Deokhyo Choi, University of Sheffield – Grant Report

Posted by: Hannah Giles  |  Posted on: September 22nd, 2022

My project aims to illuminate the story of Korean internment in Soviet labour camps after the end of World War II.

During the war, over 200,000 Korean youth were conscripted into or forced to “volunteer” for the Japanese military, and some 150,000 were also employed by the Japanese military as kunsok (gunzoku, civilian employees). Among these Korean military personnel and civilian employees, 15,000 enlisted in the Japanese Kwantung Army stationed in Manchuria. At the end of the war, the Kwantung Army was disarmed by Soviet troops, and some 3,000 Koreans were captured as prisoners of war and sent to Soviet labour camps in the Siberia region together with Japanese POWs. In late 1948, the Soviet authorities released some 2,300 Korean POWs to North Korea. Among these, some 500 crossed the 38th parallel and returned to their homes in South Korea. This episode, called the “Siberian internment,” was not widely known in South Korea until the early 1990s, when the former POWs began to speak publicly about their experiences of internment by the Soviet Union. In 2004, the South Korean Truth and Reconciliation Commission (TRC) launched an official investigation into the history of the Korean “Siberian internment” and conducted oral history interviews with twelve survivors. By drawing on the TRC’s oral history collection and my own archival research in South Korea, my project explores the history of the Korean “Siberian internment” and its legacies in South Korea.

 

During my archival research in South Korea, which was supported by the BKS grant, I researched the collections of oral history interviews conducted by the TRC and collected historical materials on the Siberian internment. At the National Assembly Library in Seoul, I researched various Korean newspapers published between 1945 and 1949 and found numerous news articles on Korean survivors from the Siberian internment. I also collected secondary sources edited by the Centre for Historical Truth and Justice (민족문제연구소), titled “시베리아 억류자 귀환 60주년 기념 자료집.” In order to examine how the South Korean government responded to the return of Korean POWs from Siberian camps through North Korea in 1949, I researched the government internal documents (국무회의록 / Assembly Records of the National Affairs) held at the National Archives of Korea.

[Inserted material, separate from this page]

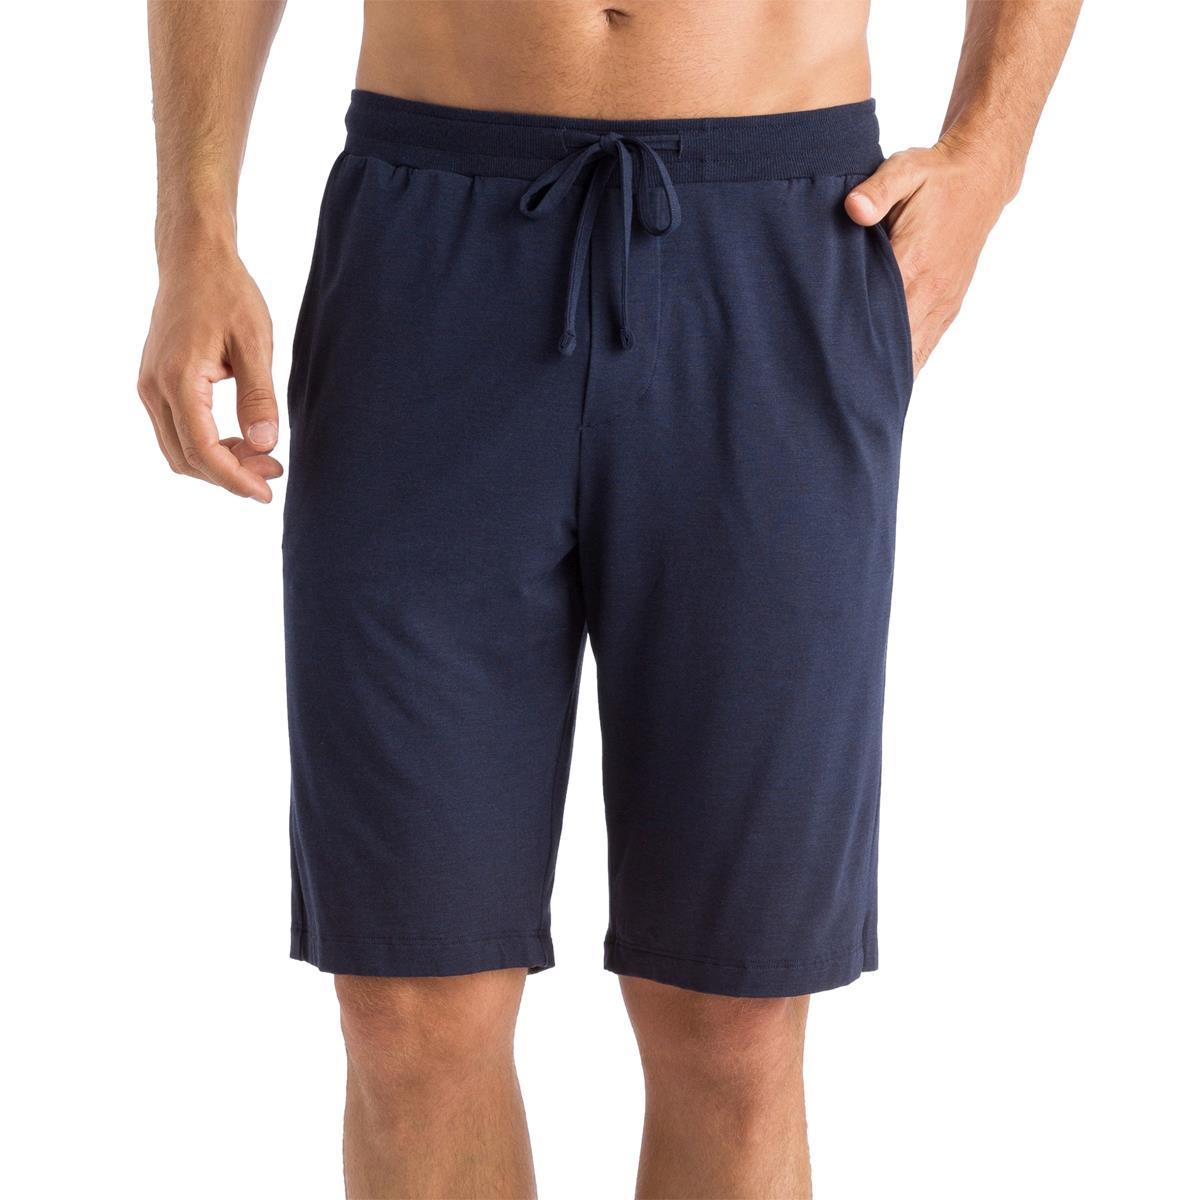 Casuals Short Pants - Men's

By drawing on my archival research, I drafted a conference paper titled “수차례의 월경(越境)과 식민주의・냉전의 폭력―제2차 세계대전 후 ‘시베리아’에 억류된 어느 조선인의 체험을 통하여” and presented my work at an international conference held by the Institute for Humanities at Pusan University on January 27.

 

During my archival research in South Korea, I was able to obtain important primary and secondary sources for my project. In particular, Korean news articles and the collection of oral history interviews are crucial to my research on the history of the Korean “Siberian internment” and its historical memories and legacies in South Korea. These sources allow me to analyse the key questions regarding the previously underexamined history, such as the questions of how Korean POWs were treated by the Soviet authorities, what their life in Siberian internment camps was like, how they crossed the 38th parallel after their release to North Korea in late 1948, and how they were treated by the South Korean authorities after their return to South Korea in 1949. Currently, I am analysing Korean news articles that reported the border crossing of those survivors into South Korea and their internment in a “refugee camp” in Incheon after being captured as possible “spies” sent by the North Korean government. My analysis of the news reports illuminates how the tragedies of both Japanese colonialism and the Cold War converged in the fate of the survivors from the Siberian internment.

 

During my stay in South Korea, I drafted a conference paper by drawing on the new materials I obtained. I also presented the paper at an international conference held by the Institute for Humanities at Pusan University. I am currently planning to develop the conference paper into an article manuscript for submission to the Journal of Asian Studies or Critical Asian Studies.